7. Putting It All Together:

  • Overall Flow: Production application generates AI outputs, domain experts review and provide performance insights (metrics, failure modes), and the domain expert PM prioritizes based on this information.
  • Engineer Iteration: Engineers work to fix specific failure modes up to a defined performance threshold, using failure mode datasets and evals.
  • PM Decision: The PM decides whether to deploy changes to production based on eval metrics and wider context.

8. Conclusion:

  • Building a domain-native LLM application requires solving the last mile problem, which isn't just about more powerful models.
  • An "Adaptive Domain Intelligence Engine" is needed.
  • Domain experts power the system by reviewing AI outputs, generating metrics, failure modes, and suggested improvements.
  • This creates a self-improving, data-driven process managed by a domain expert PM.

9. Notable Quotes:

  • "When it comes to vertical AI applications, the system that you build for incorporating your domain insights is far more important than the sophistication of your models and your pipelines."
  • "The models reason very well, they get to a great baseline. But if you're in an industry where you really need to ek out that like final mile of performance, you need to be able to then kind of give the model give the pipeline that context."

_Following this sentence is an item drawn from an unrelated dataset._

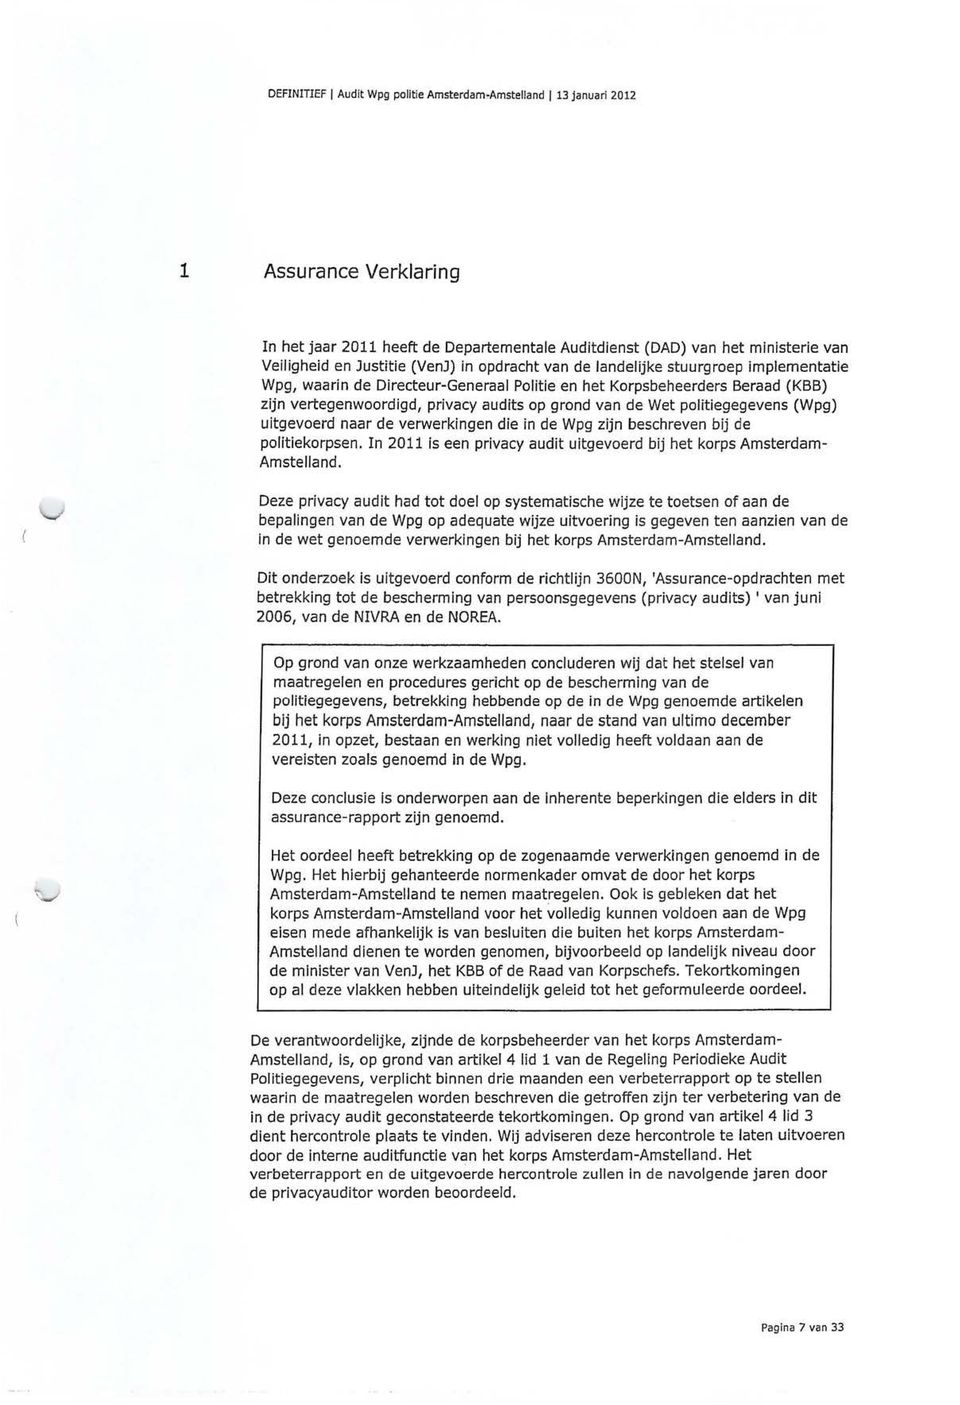 politiegegevens (Wpg) uitgevoerd naar de verwerkingen die in de Wpg zijn beschreven bij de politiekorpsen. In 2011 is een privacy audit uitgevoerd bij het korps Amsterdam Amstelland.

10. Technical Terms and Concepts:

  • LLM (Large Language Model): A type of AI model trained on vast amounts of text data, capable of generating human-like text, translating languages, and answering questions.
  • ARR (Annual Recurring Revenue): A measure of the revenue that a company expects to receive from its recurring subscriptions in a year.
  • Medical Necessity Review: The process of evaluating whether a requested medical service or procedure is appropriate and necessary for a patient's condition.
  • False Approval: Incorrectly approving a medical service or procedure that is not medically necessary.
  • Failure Mode Ontology: A structured classification of the different ways in which an AI system can fail.
  • Domain Expert: An individual with extensive knowledge and experience in a specific field or industry.
  • Eval Sets: Datasets used to evaluate the performance of an AI model or system.
  • Vertical AI Applications: AI applications designed for specific industries or domains.

11. Logical Connections:

  • The presentation starts by establishing the importance of domain expertise in AI.
  • It then introduces the "last mile problem" as the key challenge in applying LLMs to specialized industries.
  • The "Adaptive Domain Intelligence Engine" is presented as a solution to this problem, with its two main components: measurement and improvement.
  • The measurement section focuses on defining key metrics and creating a failure mode ontology.
  • The improvement section describes how to use failure mode data to iterate on the AI system and involve domain experts in the process.
  • Finally, the presentation concludes by summarizing the overall flow and emphasizing the importance of a domain expert PM.